Z kolei dolar przeżywa najlepszą passę od wielu miesięcy. Dolar nie był tak mocny w stosunku do wielu walut od dłuższego czasu. Jest to efekt spekulacji na temat grudniowej podwyżki po niezłych danych gospodarczych. W poniedziałek poznaliśmy silny odczyt indeksu ISM dla przemysłu, natomiast dzisiaj poznamy indeks dla sektora usług. Oprócz tego tydzień ten będzie kluczowy dla ewentualnych spekulacji o podwyżkach, gdyż w piątek poznamy dane na temat rynku pracy. Po słabym sezonowym sierpniu rynek jest głodny lepszych danych za wrzesień. Możemy mieć do czynienia z bardzo podobną sytuacją do zeszłego roku, kiedy to zakomunikowana została grudniowa podwyżka. Oczywiście mocny dolar nie jest dobry dla inflacji, o czym mówił w dzisiejszym przemówieniu Charles Evans z Fed Chicago. Znany on jest jednak ze swojego gołębiego usposobienia, dlatego rynek pamięta tak naprawdę jedynie słowa Janet Yellen z zeszłego tygodnia na temat dobrej sytuacji na rynku pracy.

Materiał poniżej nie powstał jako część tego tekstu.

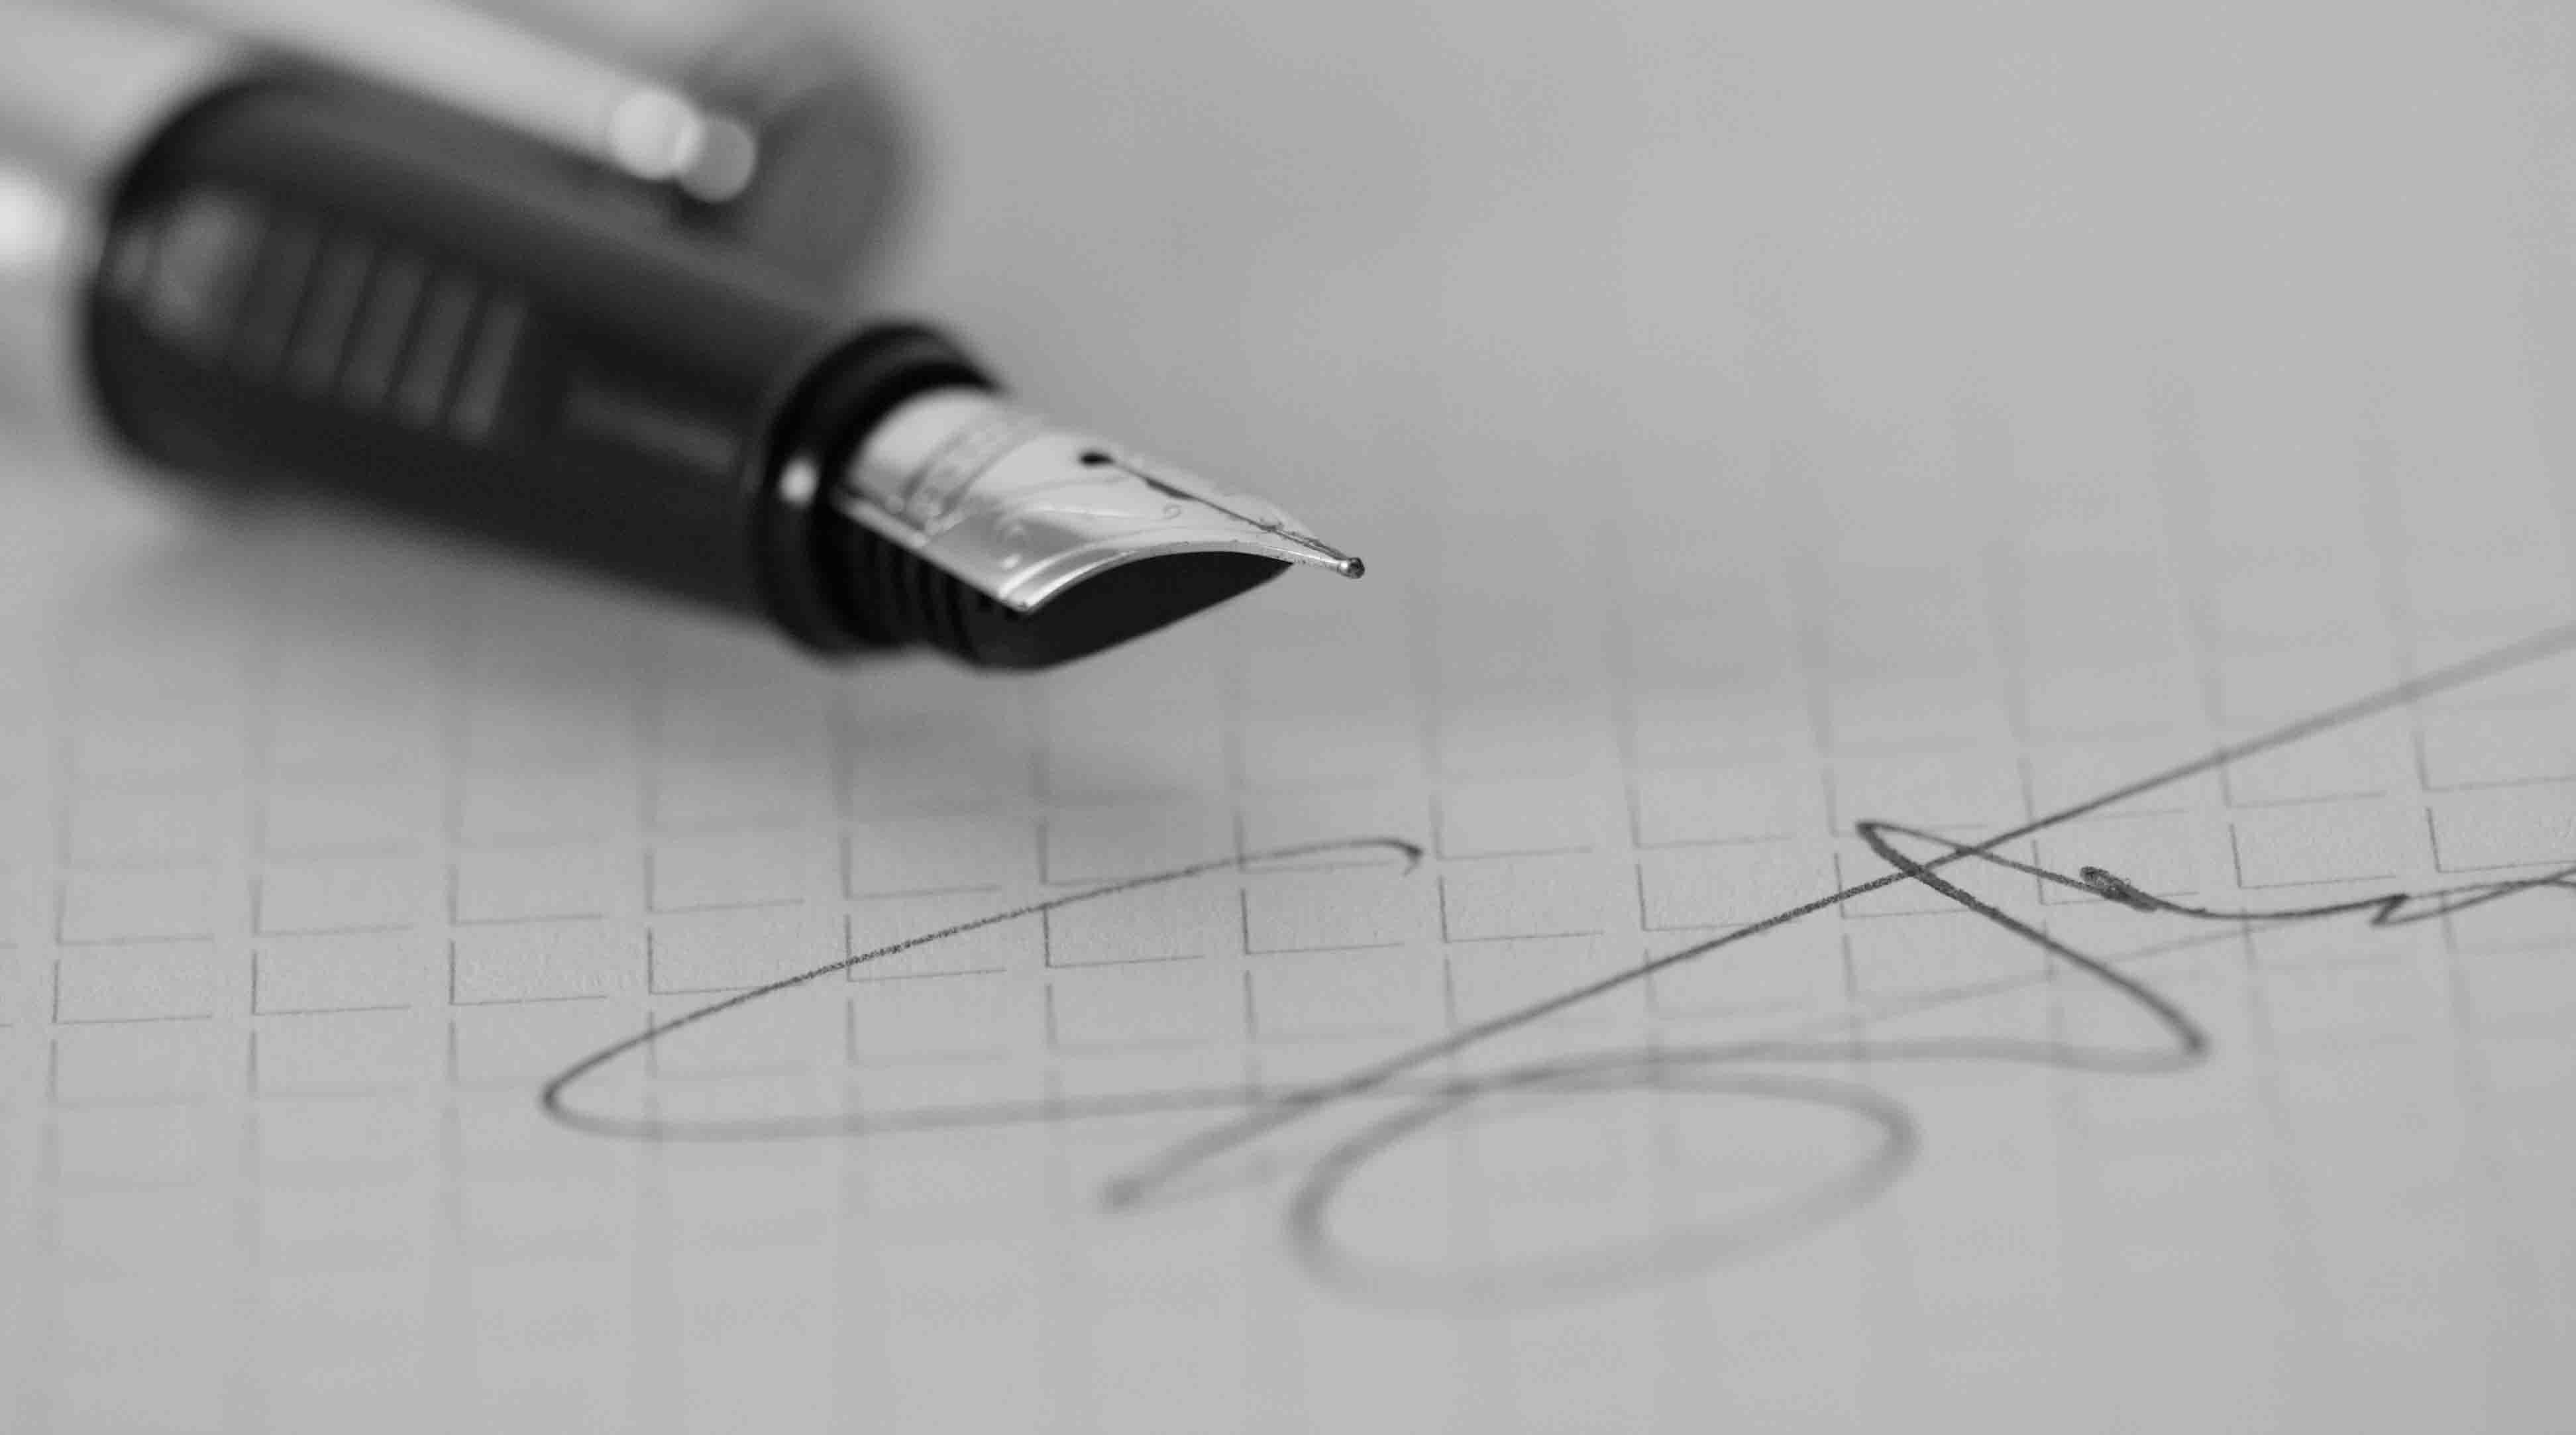 Signering. Var försiktig med vad du signerar så att du inte luras av nätbedragare och bluffakturor.
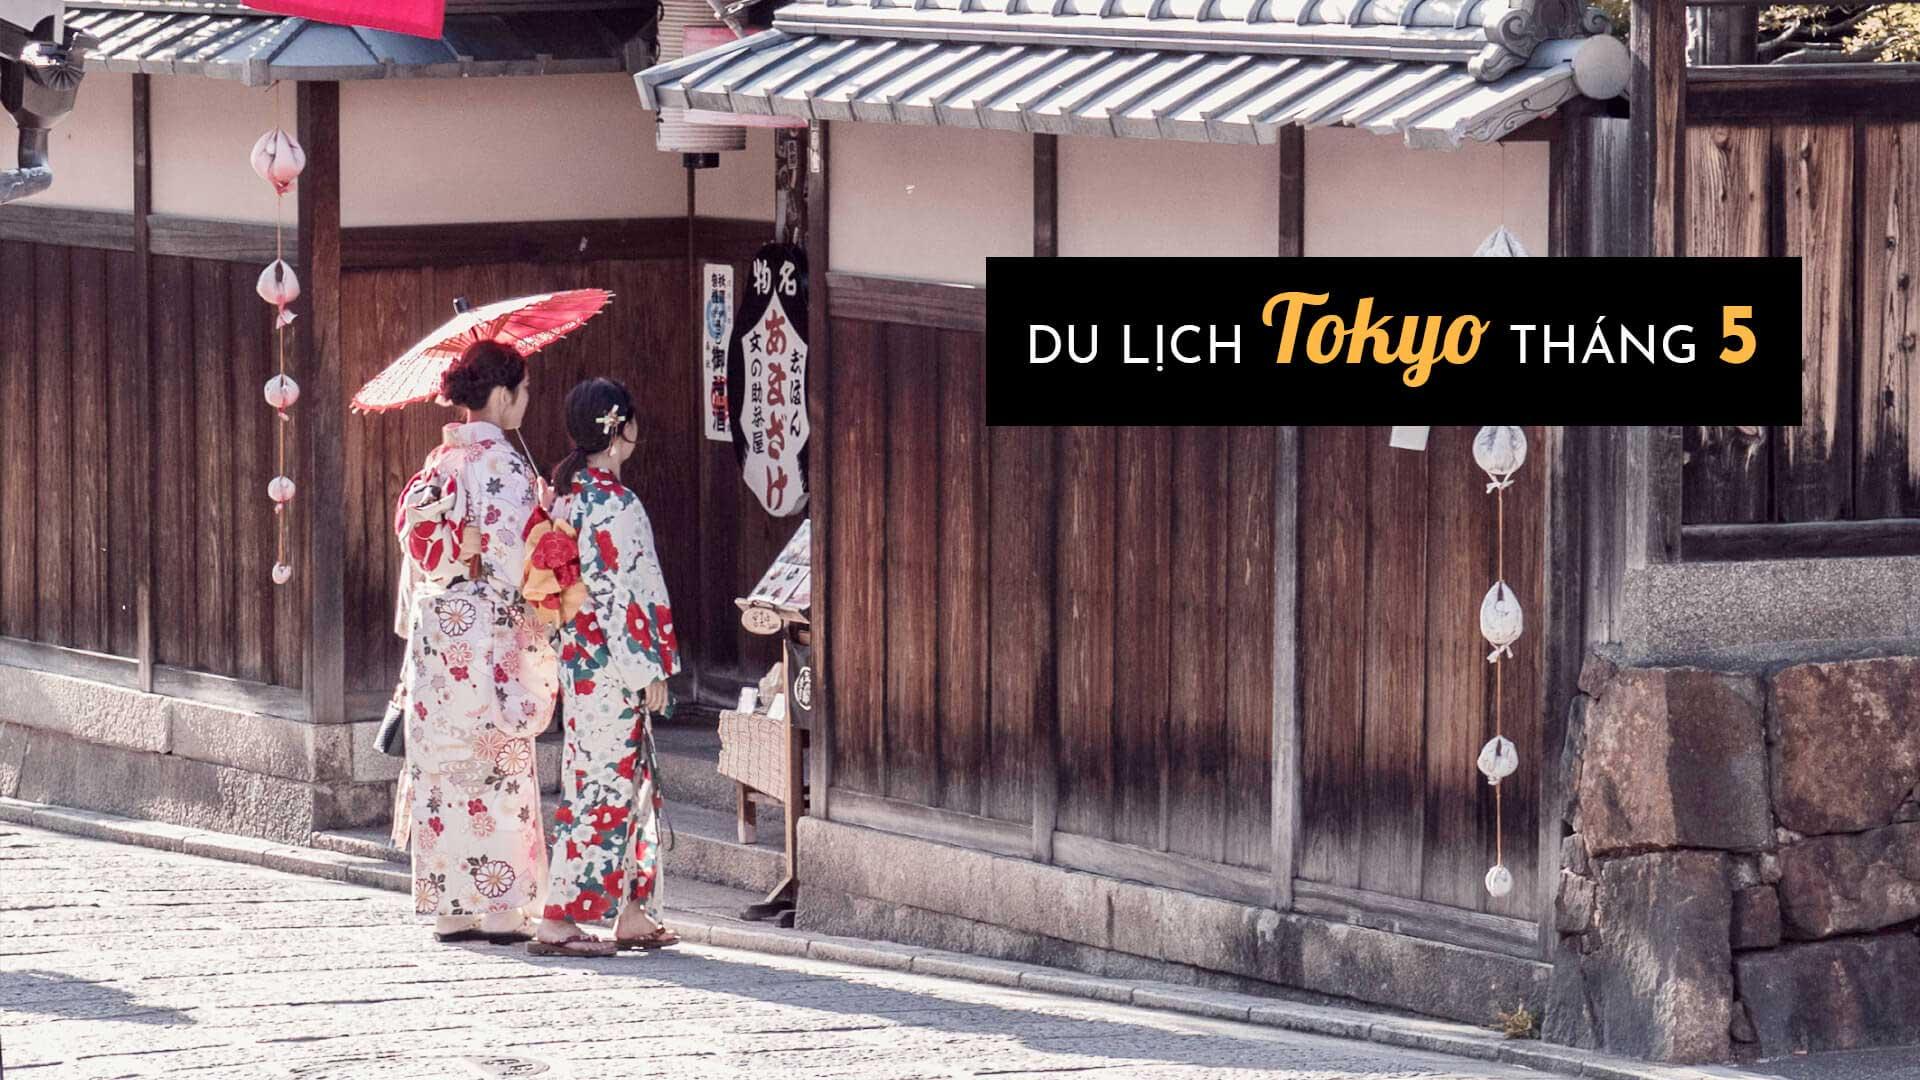 Cẩm nang du lịch Tokyo tháng 5 dành cho người đi lần đầu

Złoty zachowuje się mieszanie. Słabość widać w szczególności wobec europejskiej waluty oraz bardzo silnego amerykańskiego dolara. Wczoraj na rynku pojawiły się plotki na temat budującego się konsensusu w Europejskim Banku Centralnym na temat ograniczenia miesięcznego skupu w ramach programu QE, co wpłynęło na mocne odbicie europejskiej waluty. Złoty jest oczywiście mocny do dolara oraz stabilny do szwajcarskiego franka. Dzisiaj opublikowana zostanie decyzja RPP na temat wysokości stóp procentowych. Inflacja w Polsce nie chce odbijać, ale reszta danych gospodarczych wypada całkiem nieźle, dlatego w przeciągu najbliższych miesięcy raczej nie należy oczekiwać zmiany ze strony polityki monetarnej w Polsce.
Chwilę po 9:00 za euro musieliśmy płacić: 4,3068 zł, za dolara: 3,8839 zł, za franka: 3,9259 zł oraz za funta: 4,8766 zł.